[英]how to get index range for zero and non-zero value from list in python?
我有一个包含零和非零值的列表。 我想根据列表中的元组找到零和非零值的范围。 我正在寻找使用pythonic方式的无软件包解决方案。 例如
a = [ 0, 0, 0, 0, 0, 0, 0, 0, 0, 0, 5, 11, 12,
12, 12, 13, 13, 17, 17, 17, 17, 17, 17, 17, 17, 17,
25, 42, 54, 61, 61, 68, 73, 103, 115, 138, 147, 170, 187,
192, 197, 201, 208, 210, 214, 216, 217, 217, 218, 219, 220, 221,
222, 222, 219, 220, 220, 221, 220, 216, 216, 217, 217, 217, 217,
216, 216, 216, 209, 204, 193, 185, 177, 161, 156, 143, 110, 103,
89, 82, 62, 62, 62, 60, 56, 55, 50, 49, 48, 47, 47,
45, 44, 43, 42, 40, 37, 23, 22, 14, 12, 6, 0, 0,
0, 0, 0, 0, 0, 0, 0, 0, 0, 0, 0, 0, 0,
0, 0, 0, 0, 0, 0, 0, 0, 0, 0, 0, 0, 5,
6, 6, 6, 7, 7, 7, 13, 29, 31, 32, 33, 41, 42,
43, 43, 44, 44, 44, 44, 44, 60, 70, 71, 72, 88, 95,
104, 105, 111, 124, 125, 131, 145, 157, 169, 174, 186, 190, 190,
191, 192, 192, 193, 193, 193, 194, 198, 201, 202, 203, 202, 203,
203, 203, 203, 203, 203, 197, 195, 186, 177, 171, 154, 153, 148,
141, 140, 135, 132, 120, 108, 94, 86, 78, 73, 60, 53, 46,
46, 45, 44, 43, 37, 35, 29, 26, 19, 11, 0]]
输出:idx = [(0,9),(10,101),(102,128),...]
在这里,我的建议是没有外部软件包,简短,易读且易于理解:
# Compute list "b" by replacing any non-zero value of "a" with 1
b = list(map(int,[i != 0 for i in a]))
#Compute ranges of 0 and ranges of 1
idx = [] # result list of tuples
ind = 0 # index of first element of each range of zeros or non-zeros
for n,i in enumerate(b):
if (n+1 == len(b)) or (b[n] != b[n+1]):
# Here: EITHER it is the last value of the list
# OR a new range starts at index n+1
idx.append((ind,n))
ind = n+1
print(idx)
您可以enumerate()
来获取索引, itertools.groupby()
可以将falsy( 0
)和真实值分组在一起,并使用operator.itemgetter(0, -1)
提取开始和结束索引:
from operator import truth, itemgetter
from itertools import groupby
[itemgetter(0,-1)([i for i,v in g]) for _, g in groupby(enumerate(a), key = lambda x: truth(x[1]))]

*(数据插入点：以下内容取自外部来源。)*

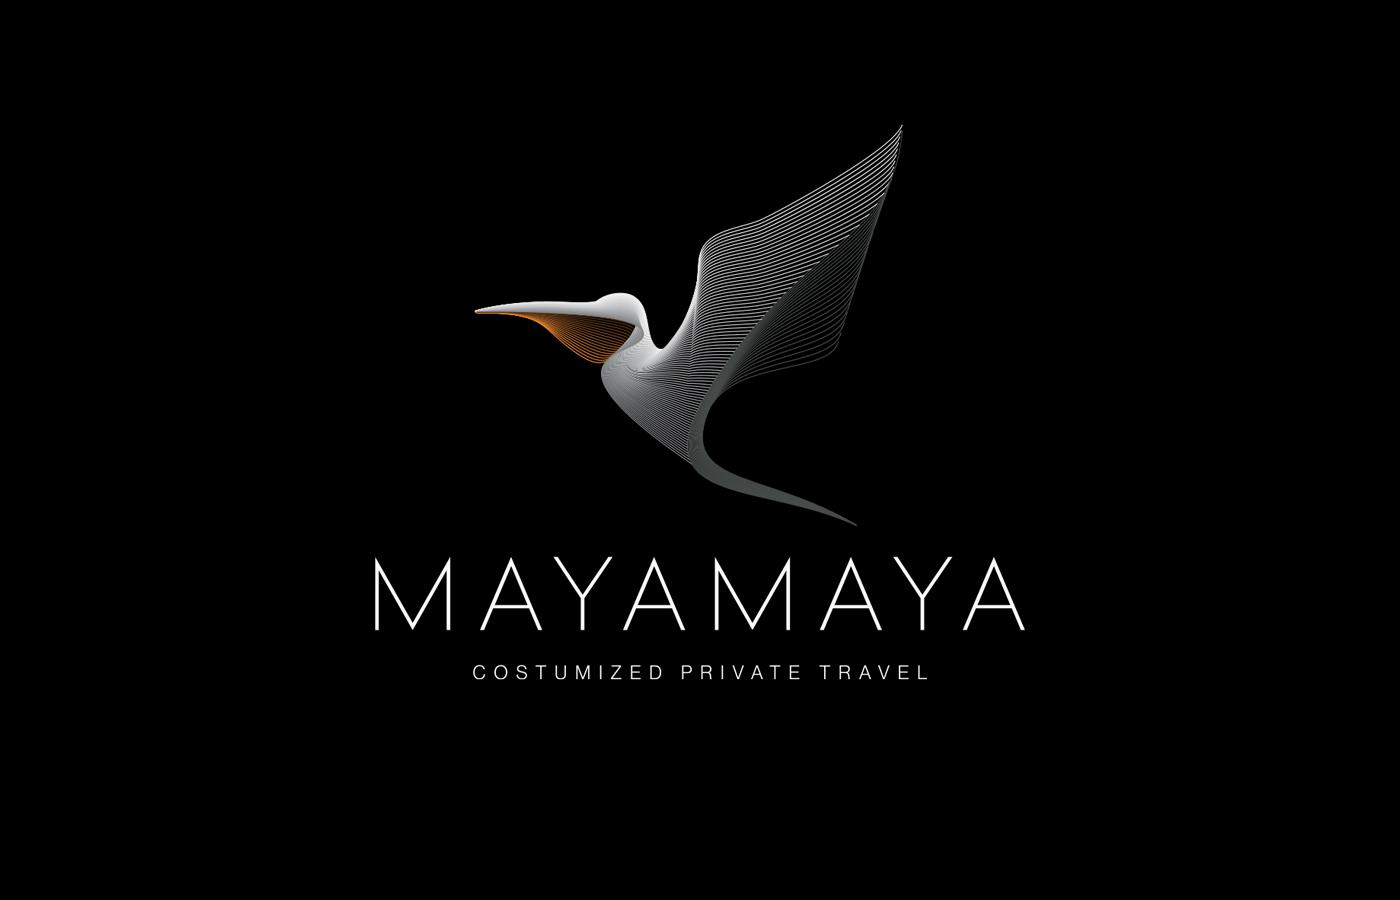 Mayamaya travel logo

# [(0, 9), (10, 101), (102, 128), (129, 217), (218, 252), (253, 338), (339, 362), (363, 447), (448, 490), (491, 580), (581, 581)]
这是没有外部库的答案:
pointer = 0
is_zero = True
result = []
def finder(p, is_z):
while (a[p] == 0) is is_z:
p += 1
if p == len(a):
return p
return p
while pointer < len(a):
tmp = finder(pointer, is_zero)
result.append((pointer, tmp - 1))
pointer = tmp
is_zero = not is_zero
print(result)
无需导入(因此无需搜索库文档来确定导入的工作方式:-)并带有注释。
# results is the output list, each entry is a list of startindex,stopindex
results = []
# each time round the logical value is remembered in previouslvalue
previouslvalue = None
for i,value in enumerate(a):
# get the logical value (==0/!=0) from value
lvalue = True if value != 0 else False
if previouslvalue is None or lvalue != previouslvalue:
# this is either the first entry, or the lvalue has changed
# either way, append a new entry to results, with the current index as start/finish of the run
results.append([i,i])
else:
# same lvalue as previous, extend the last entry to include this index
results[-1][1] = i
# save the logical value for next time round the loop
previouslvalue = lvalue
print results
输出为:
[[0, 9], [10, 101], [102, 128], [129, 217], [218, 252], [253, 338], [339, 362], [363, 447], [448, 490], [491, 580], [581,581]]
要回应有关在结果列表中包含逻辑值的评论,这很容易:
# results is the output list, each entry is a list of startindex,stopindex
results = []
# each time round the
previouslvalue = None
for i,value in enumerate(a):
# get the logical value (==0/!=0) from value
lvalue = True if value != 0 else False
if previouslvalue is None or lvalue != previouslvalue:
# this is either the first entry, or the lvalue has changed
# either way, append a new entry to results, with the current index as start/finish of the run
# include the logical value in the list of results
results.append([i,i,lvalue])
else:
# same lvalue as previous, extend the last entry to include this index
results[-1][1] = i
# save the logical value for next time round the loop
previouslvalue = lvalue
print results
现在的输出是:
[[0, 9, False], [10, 101, True], [102, 128, False], [129, 217, True], [218, 252, False], [253, 338, True], [339, 362, False], [363, 447, True], [448, 490, False], [491, 580, True], [581, 581, False]]
import numpy as np
unique, counts = np.unique(a, return_counts=True)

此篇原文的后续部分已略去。